Скоро увидел, что для этой нескончаемой вереницы озлобленных и ужасно несчастных людей, преступивших закон, несмотря на страх сурового наказания земли, овцы и деньги служили единственным источником жизни, единственной солью, единственным смыслом её. Владеть этими привычными ценностями жаждали все. Чем больше, тем лучше. Золотые монеты, которые носит каждый из нас в кошельке, заботливо охраняя их от воров, вернее, чем дьявол, соблазняли, влекли, манили, распаляли зависть и алчность, совращали с истинного пути честного труда и заслуженного достатка, растлевали совесть, единую в нас, порождали все слыханные и даже неслыханные пороки, сеяли смуту в сердцах, разъединяли навечно связанных кровным родством, друг на друга натравливали самых близких друзей, приносили бесчестье, страданье и кровь. Кровь и кровь без конца.

Что видел юноша перед тем, как принуждён был волей отца что ни день являться в суд? Какие беды сокрушали его? Какие несчастья закалили юную, выросшую в неведенье душу?

Безвременная кончина матери явилась тяжким, непоправимым, но единственным горем. Единственным несчастьем была суровая воля отца.

Вот и всё.

Мальчик жил в трудолюбивой, достаточной, благополучной семье и знал только честных, бережливых, в высшей степени благородных людей, которые жили своими трудами и благоговели не столько перед неумолимым законом, сколько перед высокими и справедливыми заповедями Христа.

Ни в скромном родительском доме, ни в роскошном Ламбетском дворце, ни в бедной студенческой келье не явилось даже случайно предположения, что можно украсть или убить человека из-за горсти монет, клочка земли или пропавшей овцы. Нигде не встречал ни воров, ни убийц, всего лишь изредка слышал о них, и эти люди представлялись уродами или чудовищами, похожими скорее на исчадия ада, вроде тех, что искусные мастера издавна изображали на церковной стене в назидание слабым прихожанам.
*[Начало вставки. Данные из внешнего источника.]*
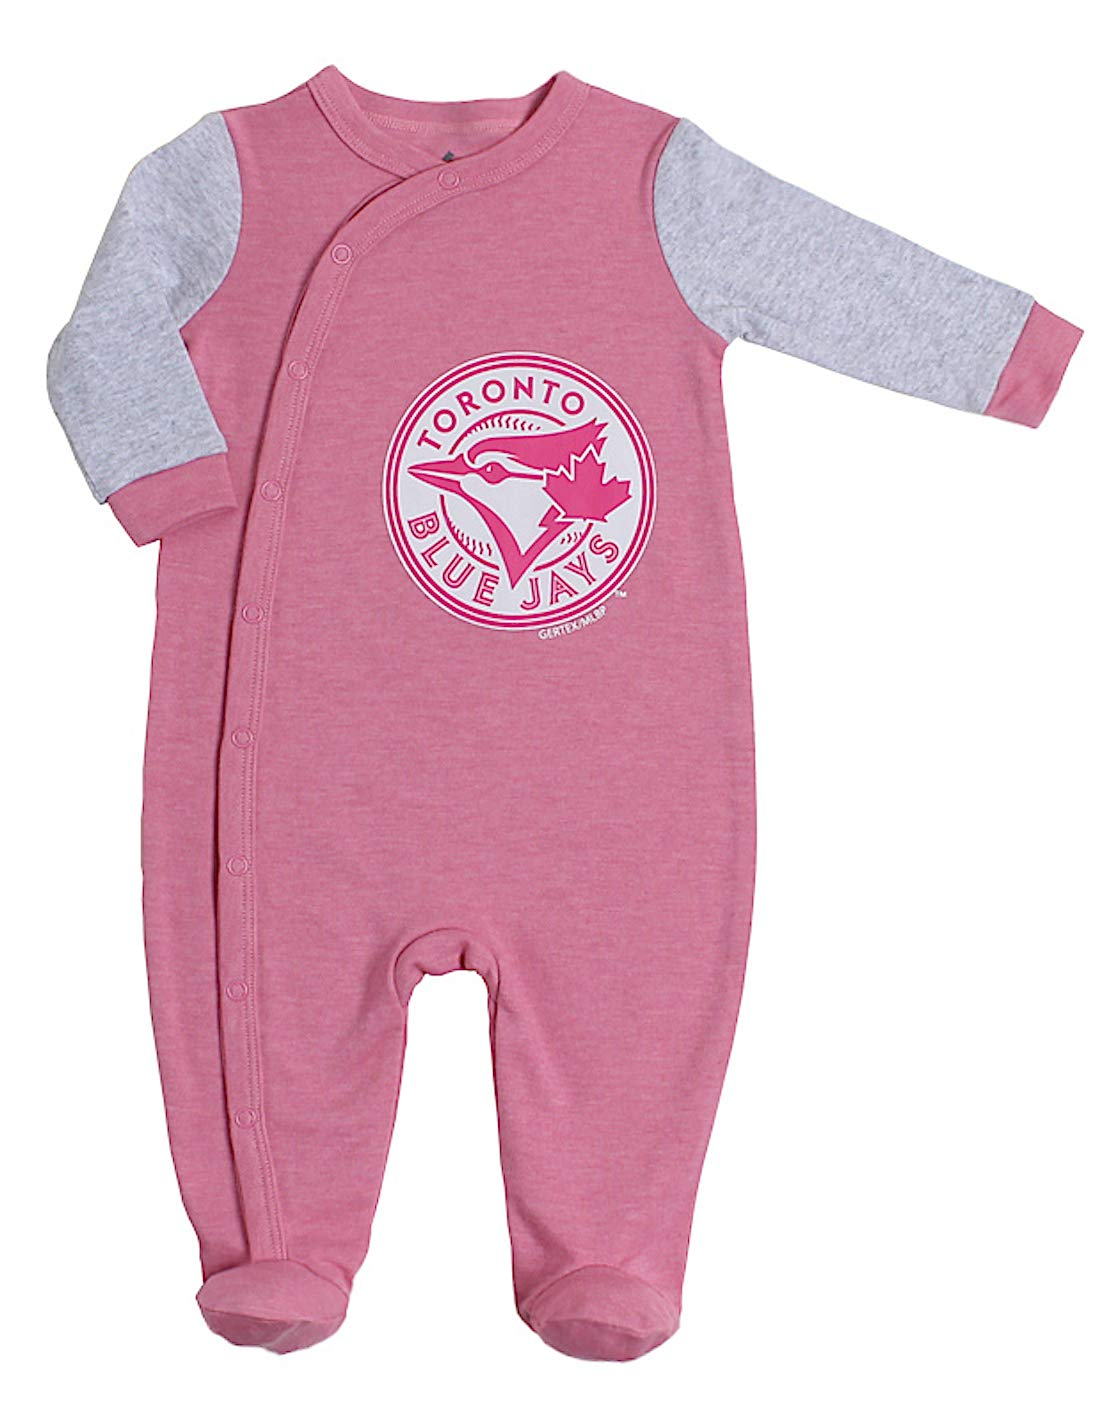 MLB Toronto Blue Jays Toddler Sleeper 9 Months Gertex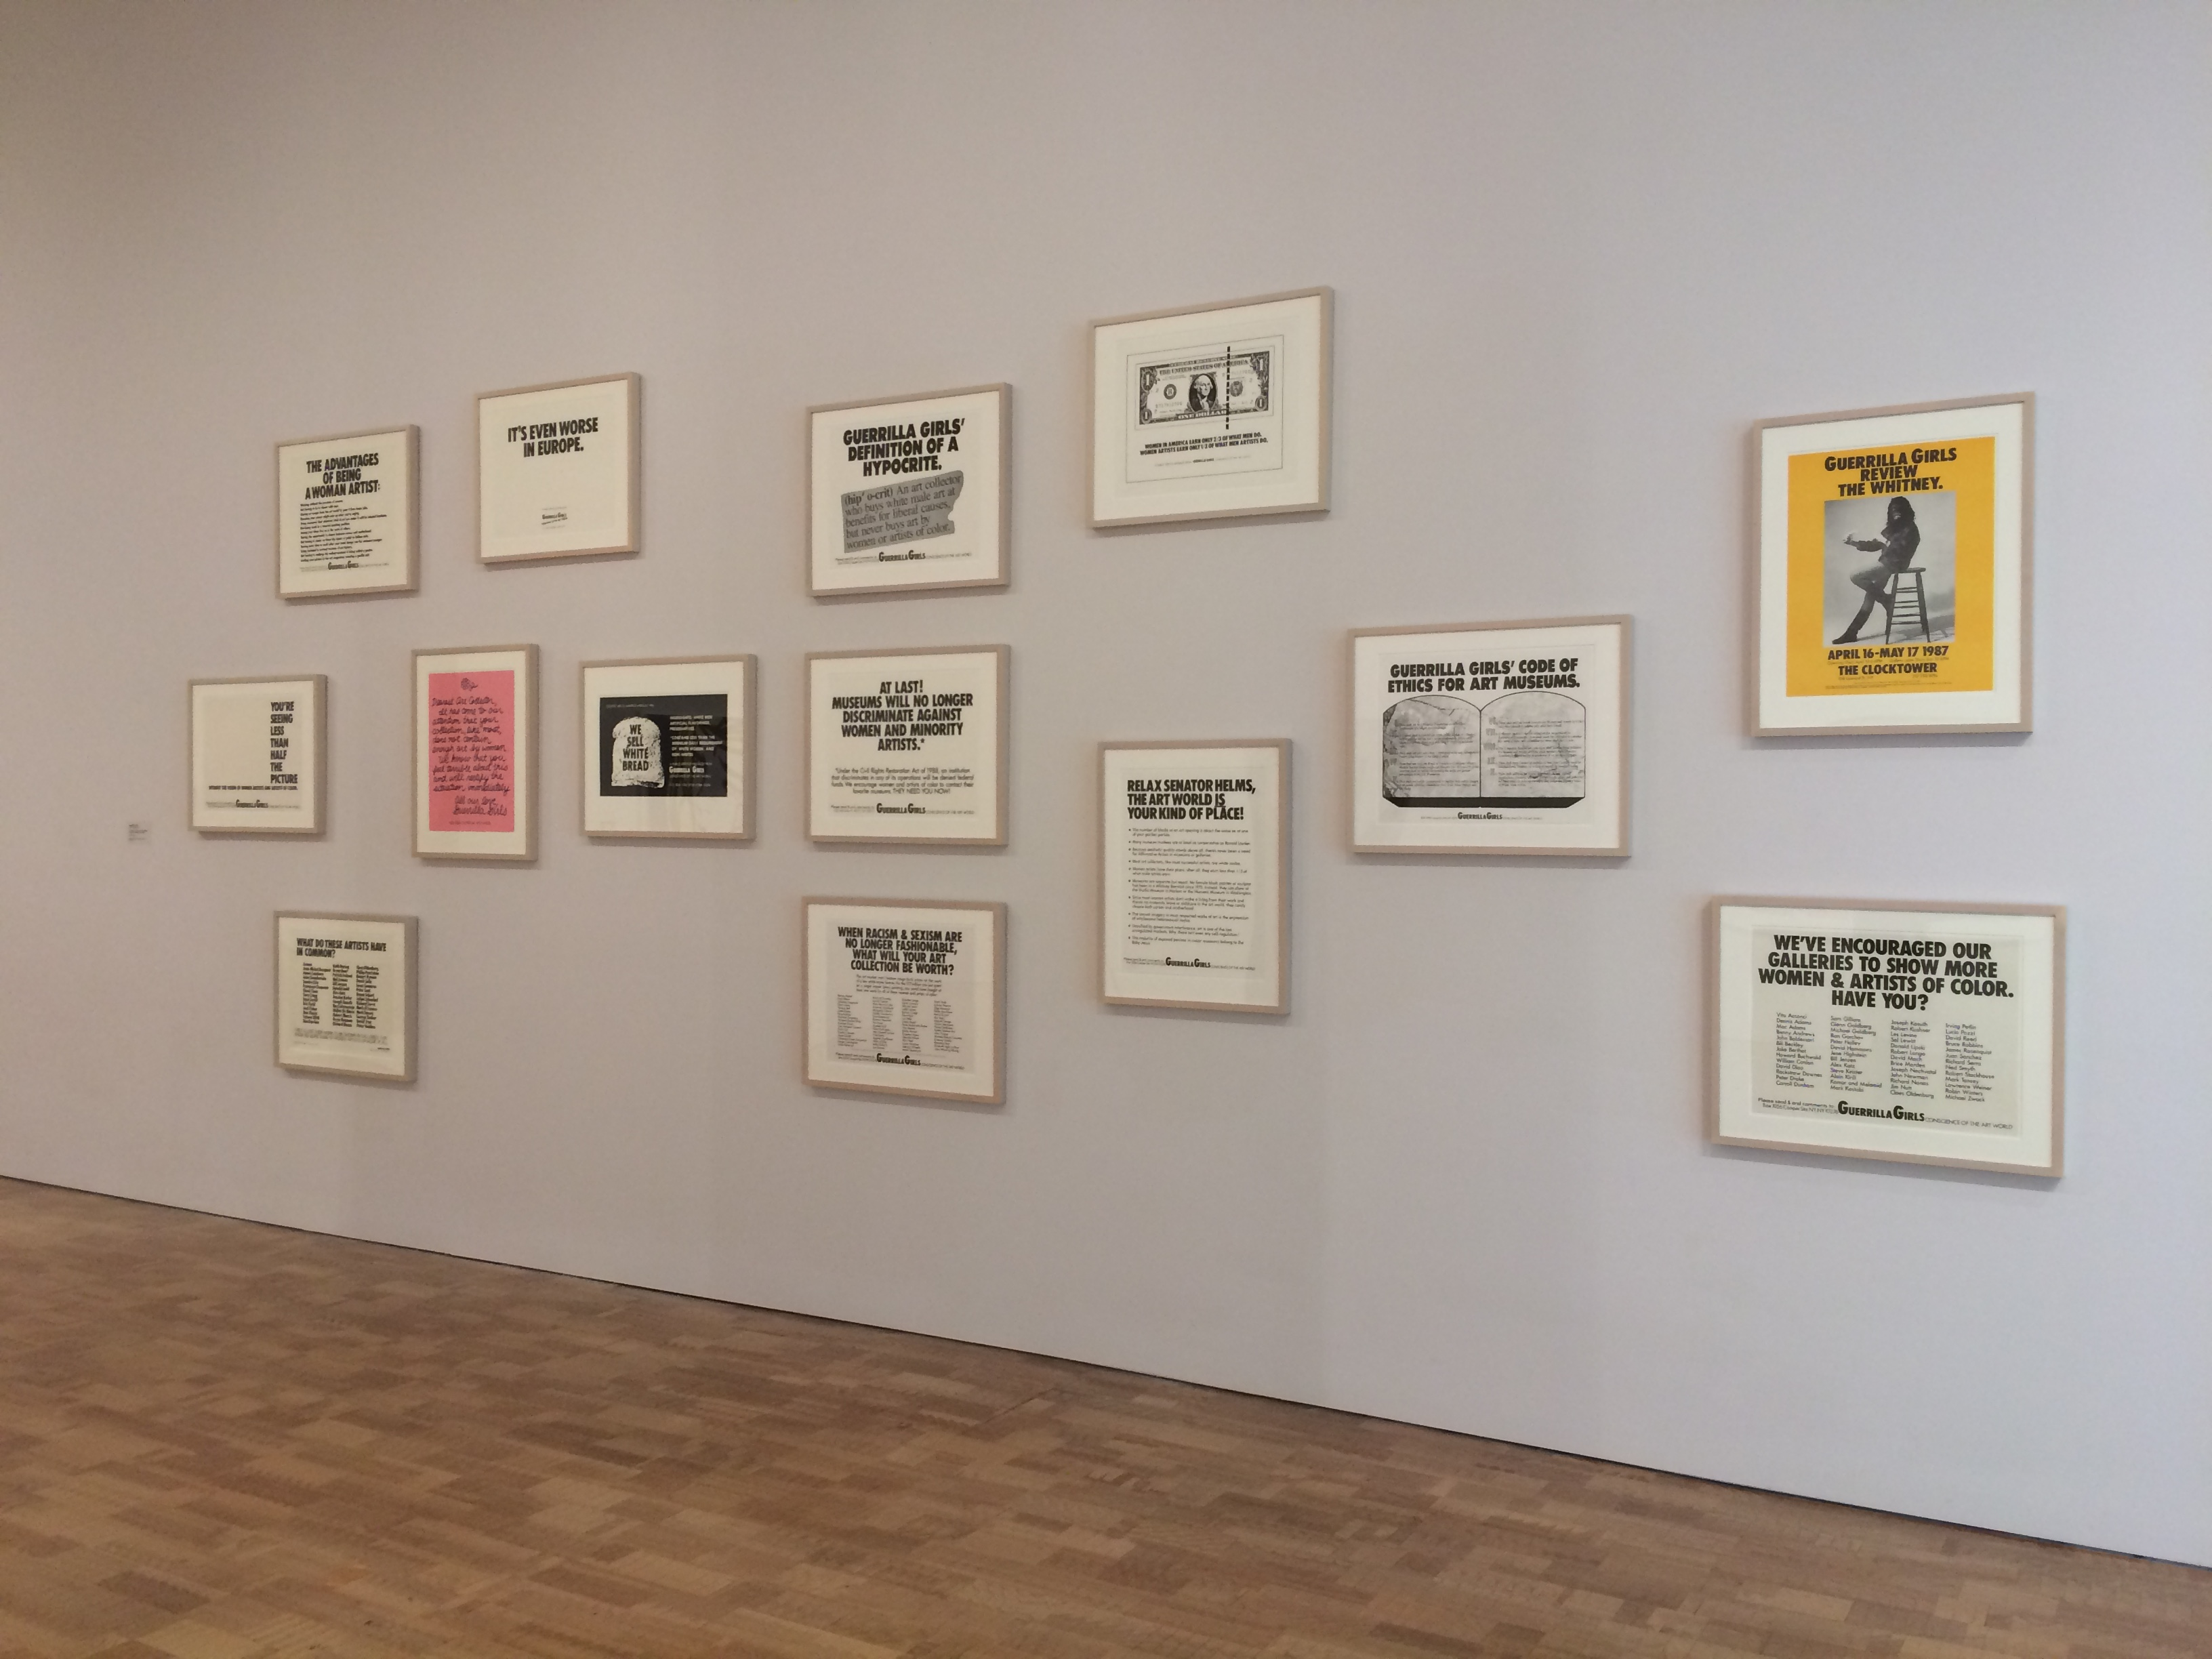 Installation of Guerrilla Girls prints at the Milwaukee Art Museum. Photo credit: Tina Schinabeck.

Теперь увидел их своими глазами. В действительности убийцы и воры оказались простыми людьми, без особых примет, без позорного клейма преступления.

Они сидели на скамье подсудимых или стоя выслушивали суровый, нередко губительный приговор, и ничто не говорило ему, кроме неопровержимых улик, чтобы эти обыкновенные люди могли сделать то, за что их клеймили, отправляли на галеры или на виселицу.

Он был ошеломлён и раздавлен, терял голову, с замиранием сердца наблюдая этот вседневный кошмар. Спокойно слышать не мог, когда в классе, приступая к пространному разбирательству только что прослушанных дел, обнаруживал вдруг, что зверский удар топором с неумелым сокрытием кровавых улик в неглубоком соседнем ручье представлял собой всего-навсего юридический казус, имевший классификацию и порядковый номер статьи.

Утратил покой. Может быть, навсегда. Подозрительно оглядывал встречных и поперечных. Он? Или тот? Металась и никла его беспомощная душа, возделанная античной словесностью. Ему грезилась то рука, сбивавшая камнем амбарный замок, то спрятанный за пазухой нож. Камень был тяжёлым и грязным, а лезвие страшно блестело во тьме.

В исступлении иногда бормотал, часто вслух, если оставался один:

— Скрежет ненависти повсюду. Повсюду бормотание зависти, злобы. Повсюду боготворят своё чрево и служат только ему, позабыв о душе. Ибо дьявол властвует над людьми.

Так юноша увидел несчастных, погибавших у всех на глазах, может быть, уже бесповоротно.

Несчастны бедные, когда они имеют только на хлеб или вовсе не имеют на хлеб, когда они ежечасно унижены, ежечасно оскорблены, когда сами презирают и мучат себя, когда силой обстоятельств и слабостью духа склоняются к преступлению, лишь бы избавиться от холода, голода, оскорблений и мук.

Несчастны также богатые, когда слишком много имеют, чтобы спокойно уснуть, даже забрав сплошными решётками узкие окна, когда их душит низменный страх потерять то, что излишне для человека и христианина, когда им вечно мало того, что у них уже есть, когда их алчные души разъедает тщеславие, когда жаждут иметь ещё больше и тоже в жажде своей неизбежно склоняются к преступлению.

Все несчастны, и многие, слишком многие по этой причине преступны, если не в исполнении, то хотя бы в намерении, и по этой причине ещё больше несчастны.

Все мы, решительно все, попали в магический круг. Все вертимся, лишённые собственной воли, в этом неодолимом дьявольском круге.

Все страдаем.

Страдаем нещадно.

Глядеть на эти страданья и продолжать жить как ни в чём не бывало?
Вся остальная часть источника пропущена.